To obtain a new Social Security card reflecting a name change, a client must complete Form SS-5, Application for a Social Security Card. Form SS-5 is available at any Social Security office or by calling 800-772-1213. The form can be completed and printed online. However, the form cannot be submitted online. It must be delivered or mailed – along with supporting documentation – to the client’s local Social Security office. For a name change, original documentation – for example, a marriage license – must be submitted that shows both the client’s old name and new name. The SSA will accept only original documents or documents certified by the issuing agency; photocopies or notarized documents are not acceptable. The SSA will return the submitted documents after processing.
If the newlywed couple is moving to a new home, each spouse should notify the IRS by filing Form 8822, Change of Address. The U.S. Postal Service should be notified so that it can forward any IRS correspondence or refunds that are issued before the change is recorded in the IRS systems.
Wage Withholding and Estimated Tax
Each newlywed spouse should also file a revised Form W-4, Employee’s Withholding Allowance Certificate, with their employers to reflect their new marital status. This should be done within 10 days of their change of status.
For example, if the spouses earn approximately the same incomes and they file jointly, their tax may be higher than their combined tax as unmarried individuals. This is the well-known “marriage penalty.” Unless the couple files new W-4s to increase withholding, they may be significantly underwithheld.
On the other hand, if one spouse earns most or all of the couple’s income, a joint return may produce a lower tax than two single returns. In other words, they will receive a “marriage bonus.” Therefore, unless the couple reduces their withholding, they will be overwithheld.
2018 TAX TIP: Suggest to your clients that they use the IRS withholding calculator instead of the worksheets in Form W-4 to calculate their withholding allowances. Because of the tax law changes made by the Tax Cuts and Jobs Act of 2017, the withholding calculator is likely to produce a more accurate result.
Clients who prepay their taxes through estimated tax payments should adjust those payments accordingly.
Couples who marry before the end of 2018 are considered married for the entire year for tax purposes. They can file their returns for the year as either married filing jointly or separately. Newlywed clients should be advised that they can no longer file as single taxpayers.
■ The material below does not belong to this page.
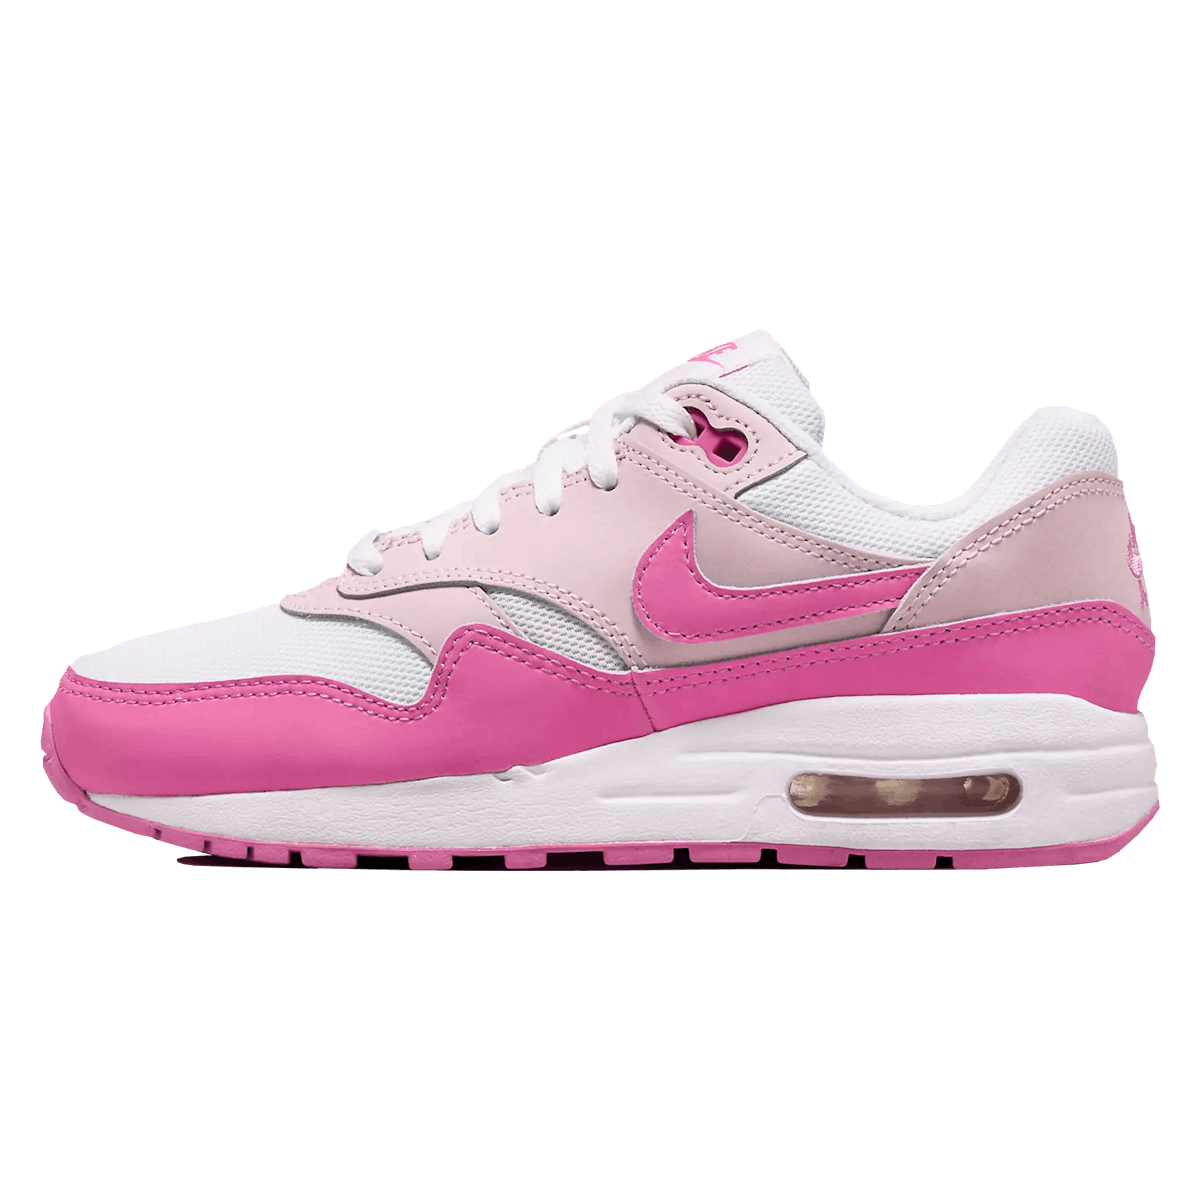 Nike Air Max 1 GS "Pink White"

Because of the graduated tax rate system, if one spouse earns all or most of the income, joint filing can result in significant tax savings. On the other hand, if the spouses have roughly the same incomes, the couple should figure their tax using both the joint and separate filing status and use the one that produces the lower tax. Newlyweds should be cautioned, however, that if one spouse itemizes deductions on a separate return, the other spouse must do so as well; one spouse cannot itemized while the other claims the standard deduction.
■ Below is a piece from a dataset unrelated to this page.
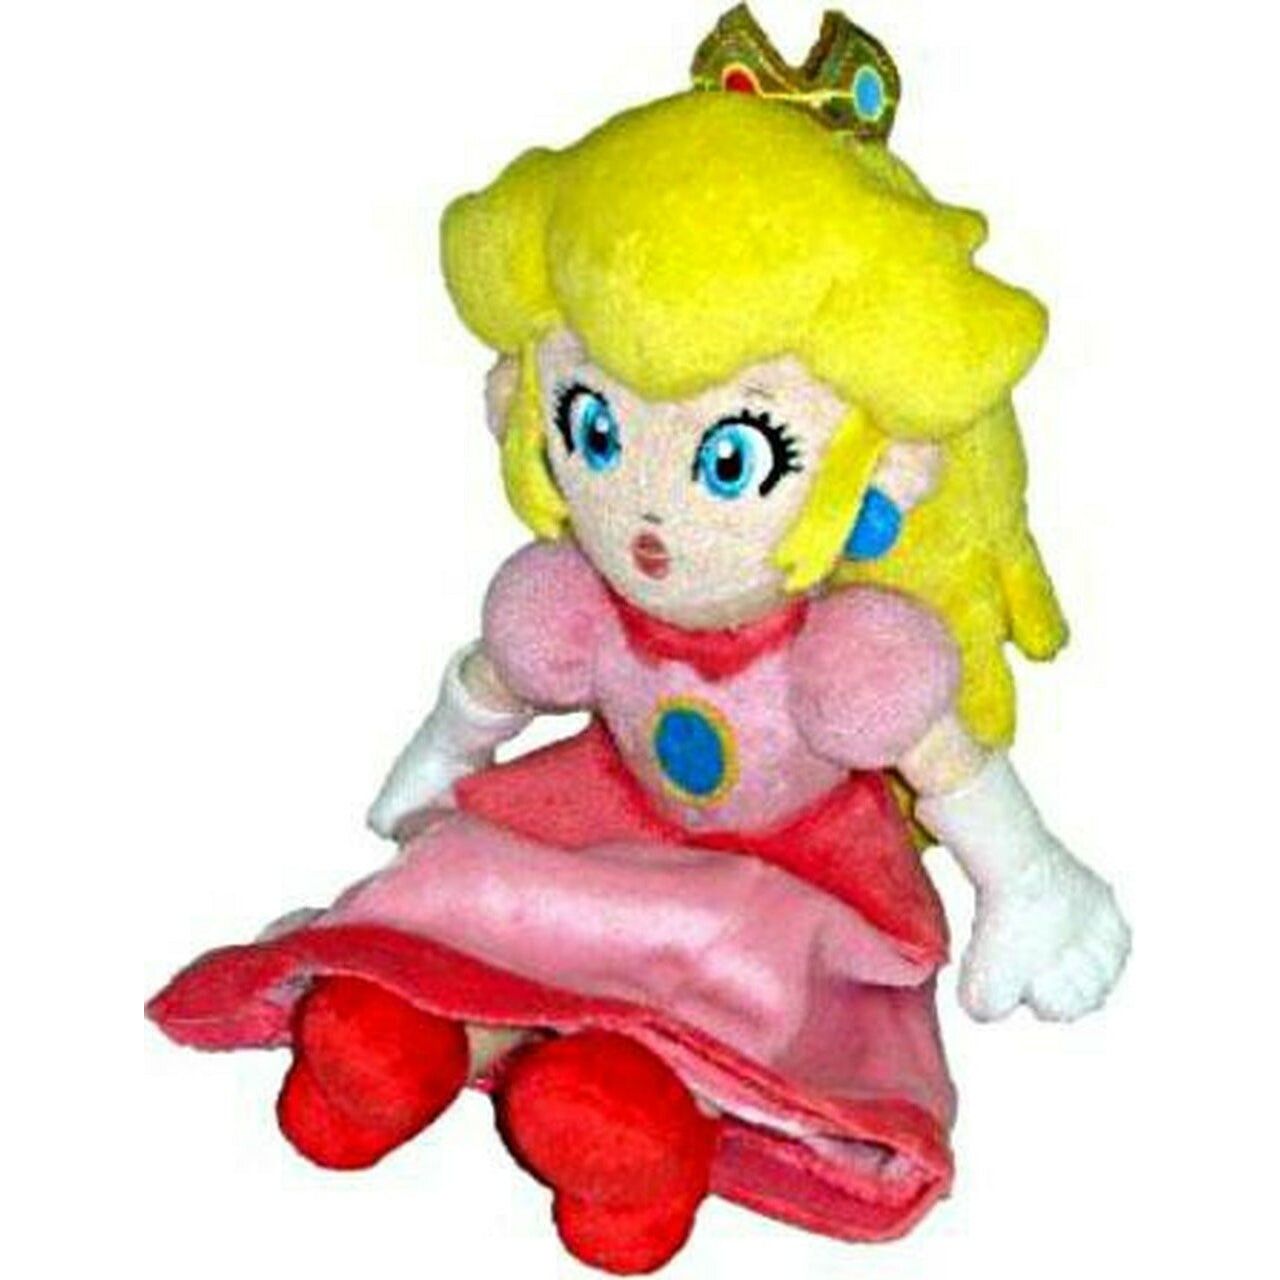 Plush - Mario Brothers Princess Peach 8 Inch

Moreover, some tax benefits are available to joint filers but not to separate filers. For example, only joint filers can make contributions to an individual retirement account (IRA) set up for a non-working spouse. And only joint filers can claim the dependent care credit and the earned income credit. Most significantly for young newlyweds, the education credits, the deduction for student loan interest, and the tuition and fees deduction cannot be claimed on a separate return.
Whether you have clients getting married this summer or any other time of the year, you can be an important advisor during this critical juncture of their lives, providing them important information and advice related to their new tax status.